Break-induced replication is a major pathway for repair of collapsed DNA replication forks in human cancers

Collapsed replication forks in human cancers need to be repaired to allow DNA replication to resume. We have identified break-induced replication (BIR) as a major pathway for repair of collapsed forks in cancer cells. BIR is a variant homologous recombination pathway that utilizes POLD3 and POLD4, two subunits of DNA polymerase delta, to initiate replication at collapsed forks. Depletion of POLD3 or POLD4 inhibits proliferation of cancer cells, without affecting normal cells. Repair by BIR should normally not lead to gross genomic rearrangements, but occasionally segmental genomic duplications with microhomology junctions can arise. This specific type of duplication is very common in human cancers, suggesting that BIR is relevant in vivo. Interestingly, replication forks initiated by BIR differ from normal forks initiated at origins of replication. BIR-initiated forks apparently retain the D-loop formed during strand invasion and replicate the DNA in a conservative manner (Figure 3). It is likely that the differences between BIR-initiated and origin-initiated forks could be eventually exploited for cancer therapies.

Figure 3. Comparison of BIR-initiated and origin-initiated forks. BIR-initiated forks retain the D-loop formed during strand invasion and replicate DNA in a conservative manner.
Figure 3. Comparison of BIR-initiated and origin-initiated forks. BIR-initiated forks retain the D-loop formed during strand invasion and replicate DNA in a conservative manner.

Adult Tissue-Specific Stem Cells

In recent years the laboratory of Hans Clevers (Hubrecht Institute) has succeeded in growing in vitro intestinal organoids, as well as organoids from other mouse and human tissues. We are also culturing these organoids, as a system to study cancer development (Figure 4). We aim to recapitulate the early steps of cancer development by introducing oncogenes into intestinal organoids. We should then be able to monitor the induction of DNA replication stress and genomic instability.

Figure 4. Intestinal organoid grown in tissue culture.
Figure 4. Intestinal organoid grown in tissue culture.

Protein Three-Dimensional Structures

The function of a protein depends on its structure. Thus, elucidating the structure of a protein can help the understanding of its function.

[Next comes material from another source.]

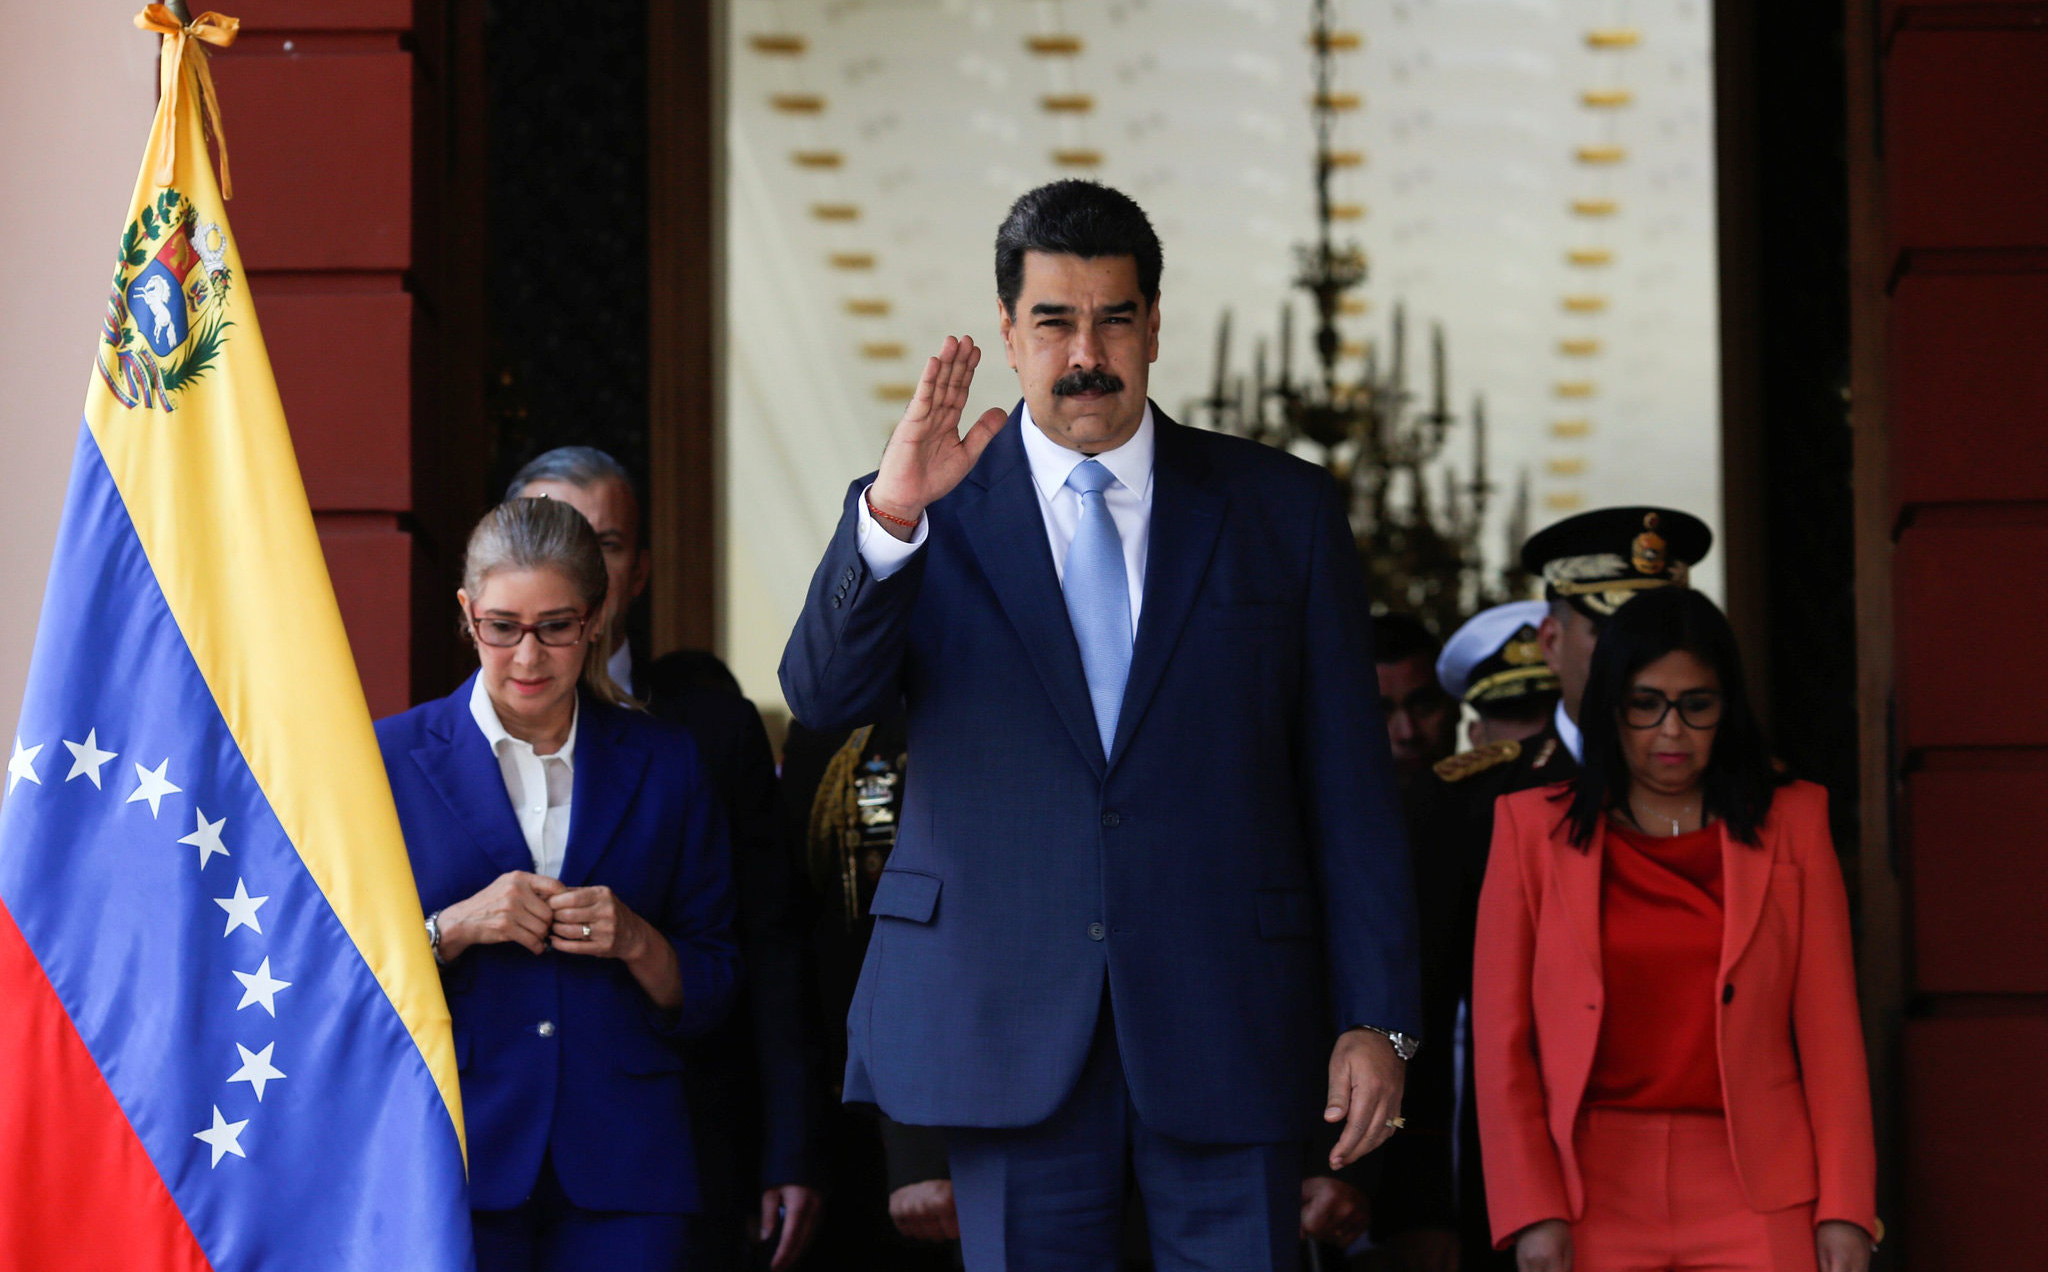 Tòa án Anh công nhận Juan Guaidó, từ chối trả kho vàng cho chính phủ tổng thống Venezuela Maduro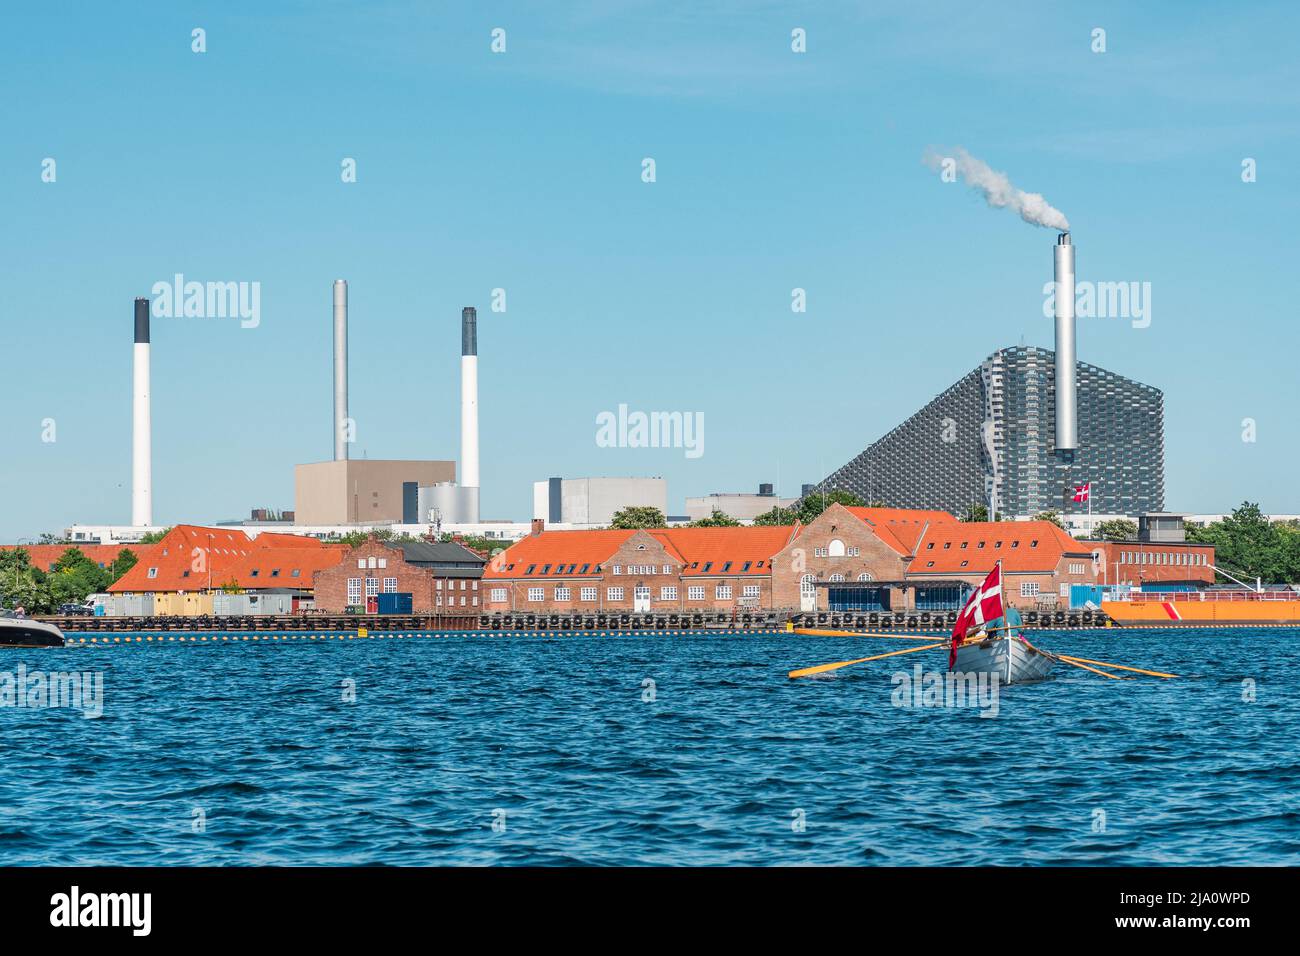 Amager Bakke, Slope o Copenhill, impianto di incenerimento, impianto di produzione di calore ed energia e impianto ricreativo a Copenaghen, Danimarca, con nave Foto Stock

As an example of this approach, we recently solved the crystal structure of a p53 tetramer bound to DNA. The structure reveals a conformational switch upon sequence-specific DNA binding (Figure 5). Using biophysical methods we have shown that the conformational switch allows p53 to have a thousand-fold longer residence time on specific DNA, as compared to non-specific DNA. Based on our measurements, the increased residence time on DNA is the most critical factor for discriminating between specific and non-specific DNA sites.

Figure 5. Structure of a human p53 tetramer bound to specific DNA.
Figure 5. Structure of a human p53 tetramer bound to specific DNA.